EXERCISE INSTRUCTIONS
Your copy of the listing must be exact and must hold no images.

DATA BLOCK
▼▼▼

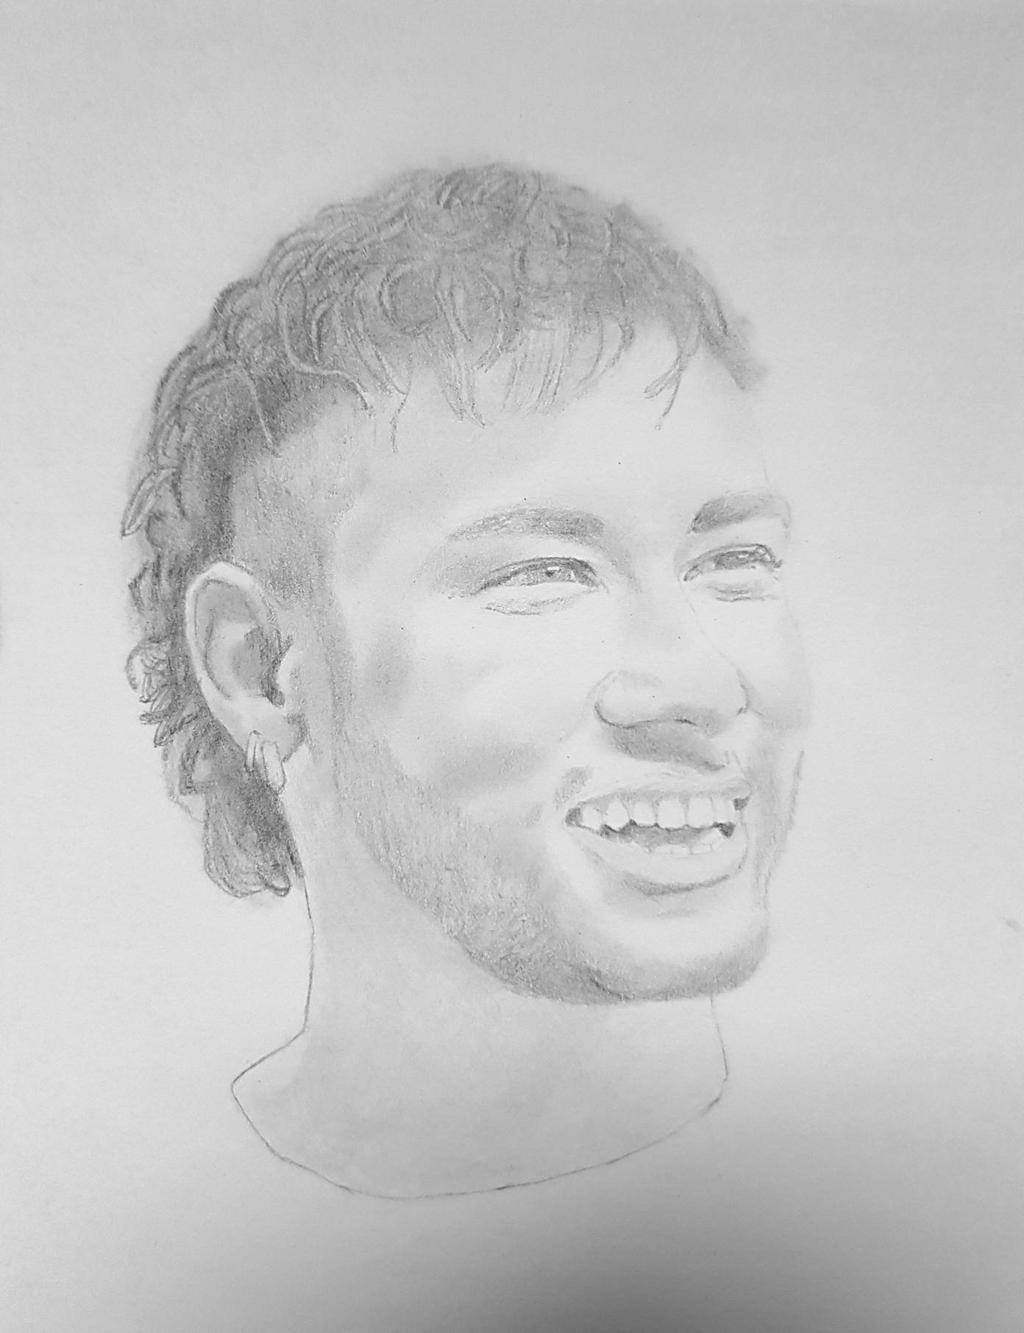 Neymar jr pencil drawing by stemito on deviantart
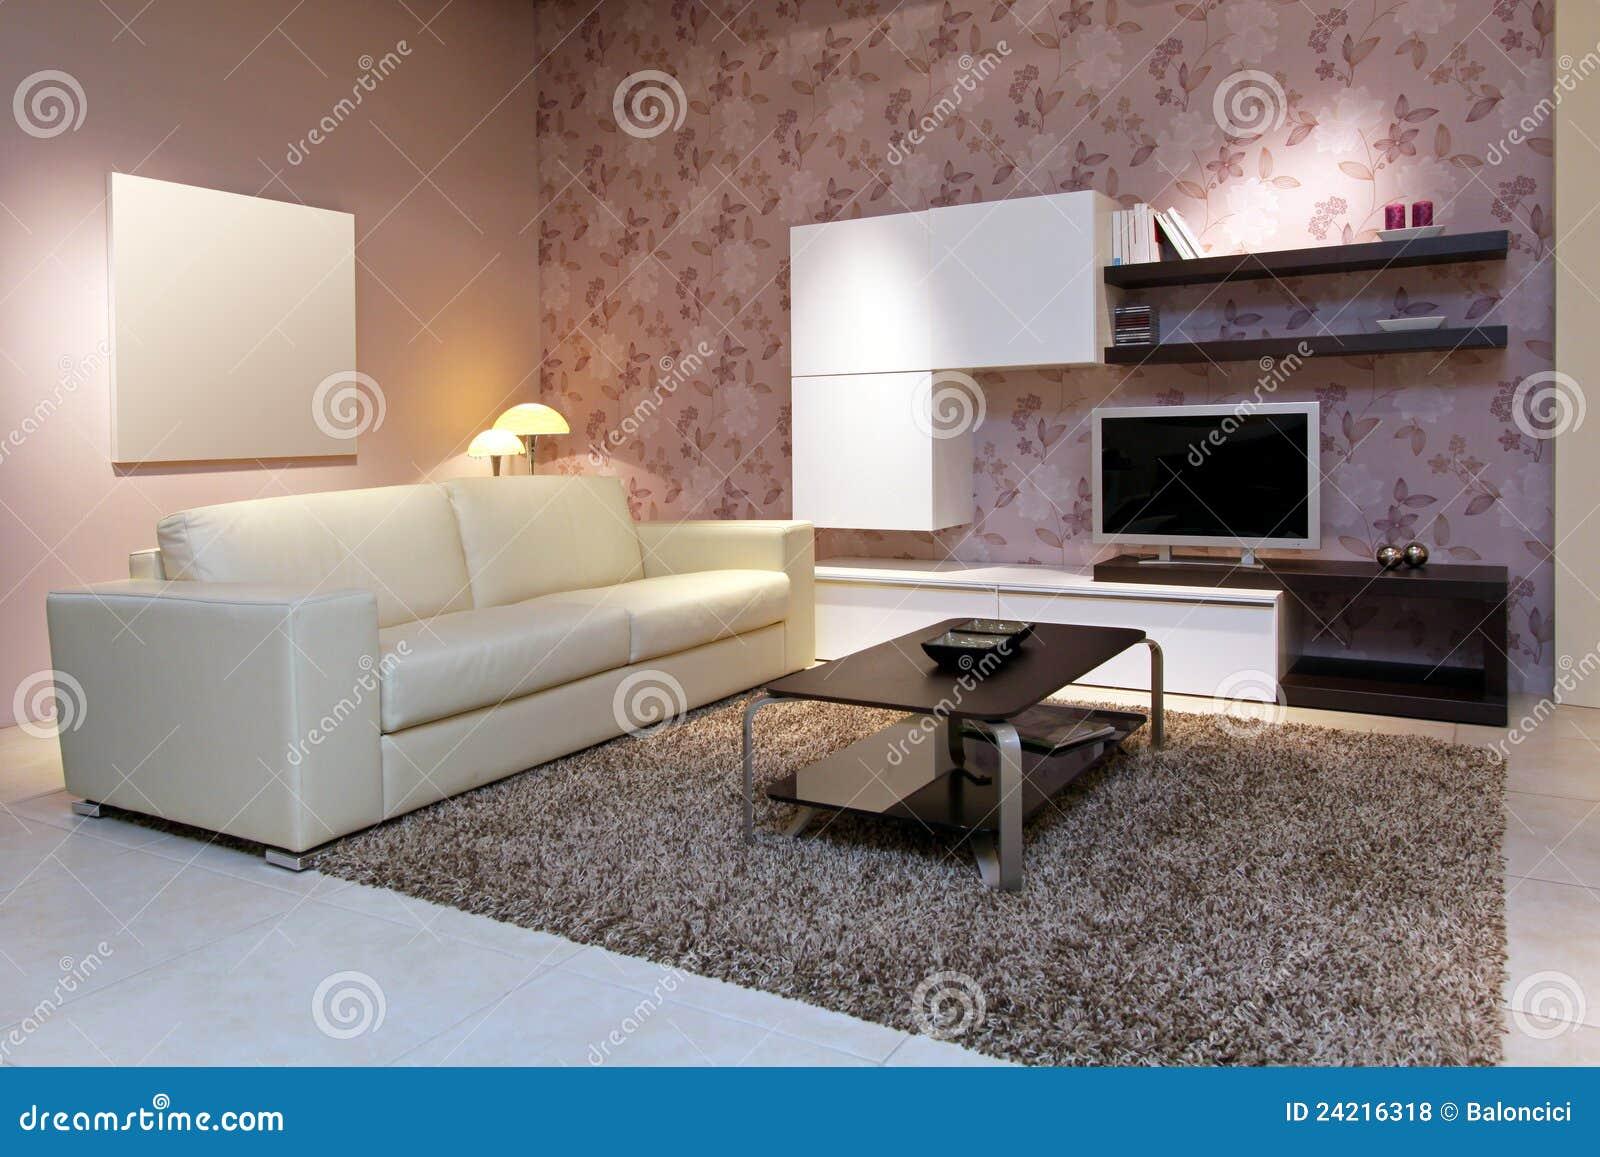 Roze decoratie woonkamer
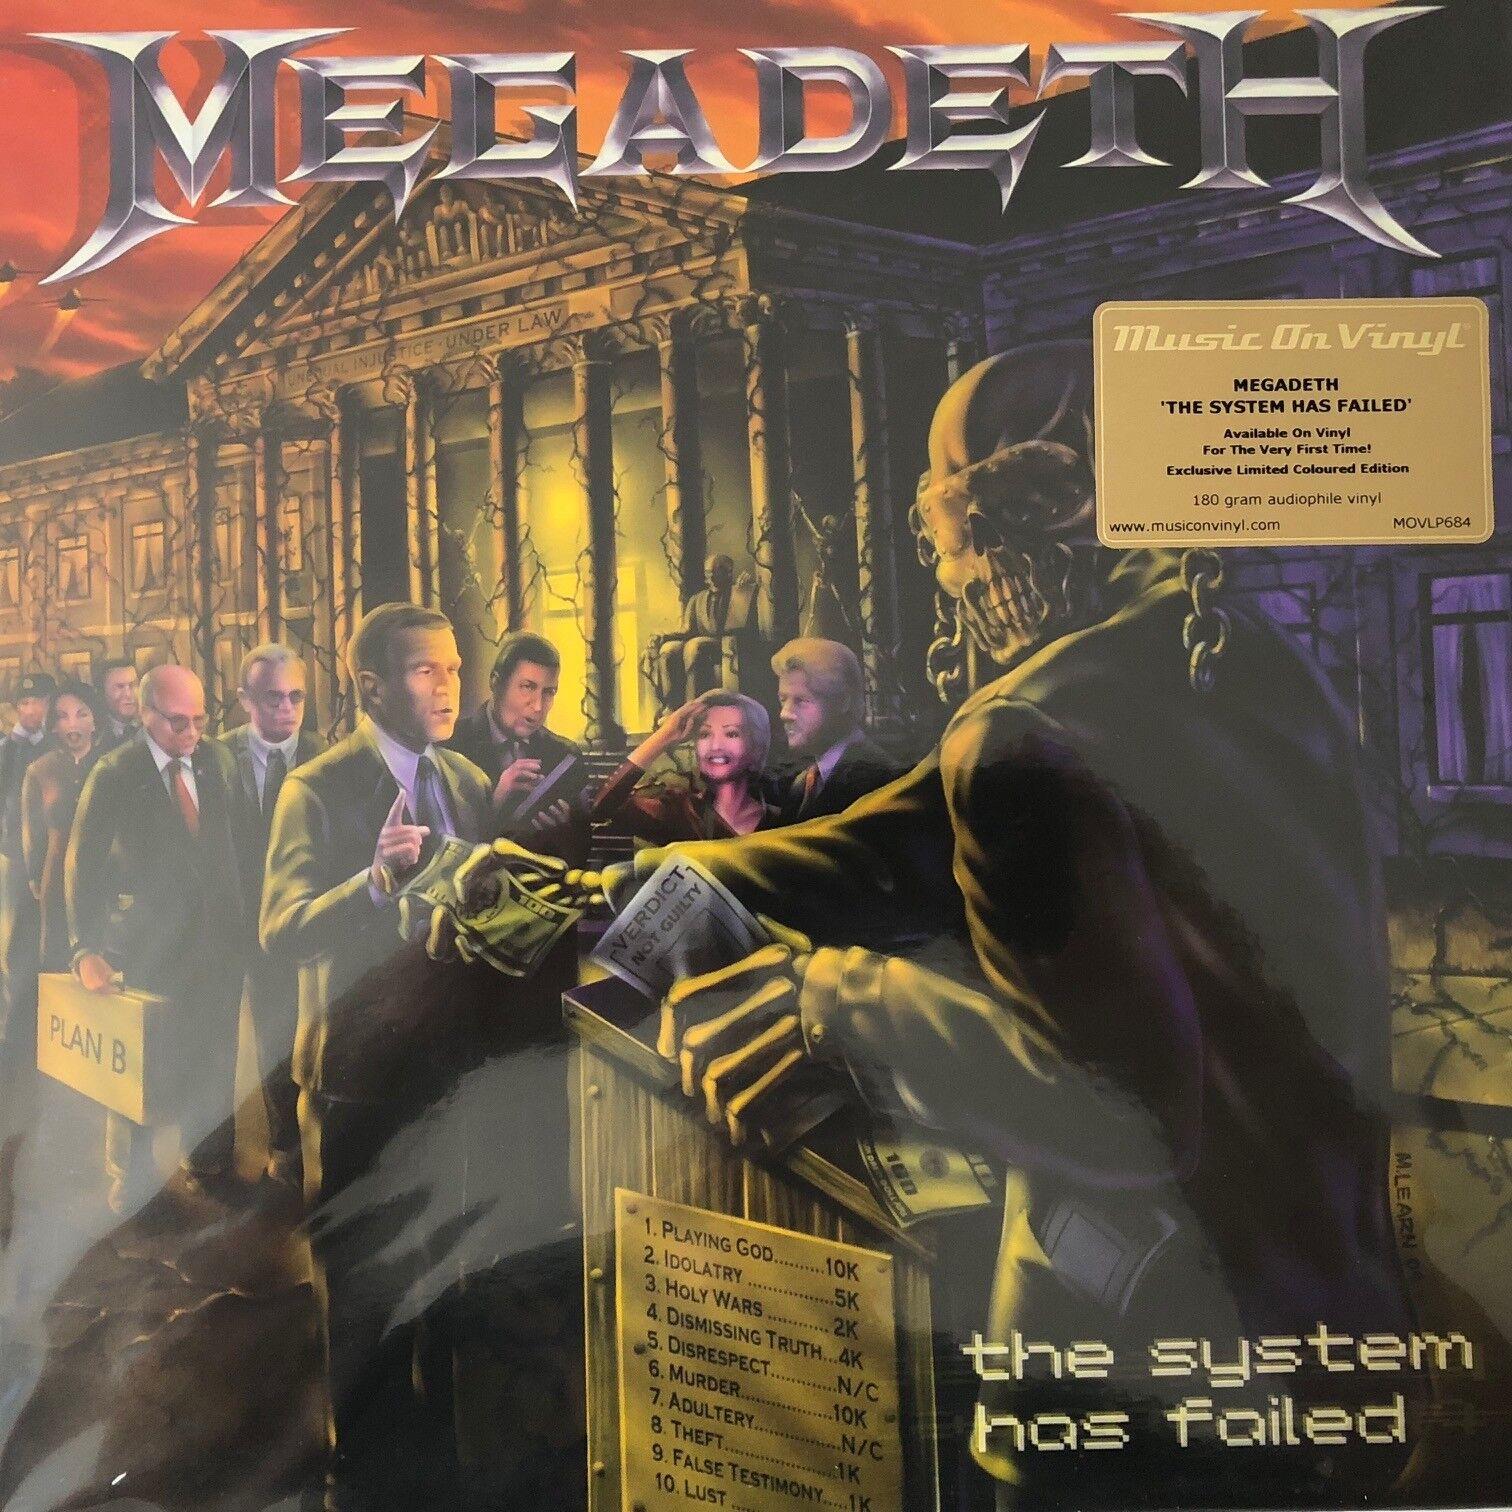 Megadeth the system has failed purple vinyl movlp for sale jpg 1512x1512  The system has failed a35b95bbaedaf

▲▲▲

RESPONSE AREA
 Neymar jr pencil drawing by stemito on deviantart
 Roze decoratie woonkamer
 Megadeth the system has failed purple vinyl movlp for sale jpg 1512x1512  The system has failed a35b95bbaedaf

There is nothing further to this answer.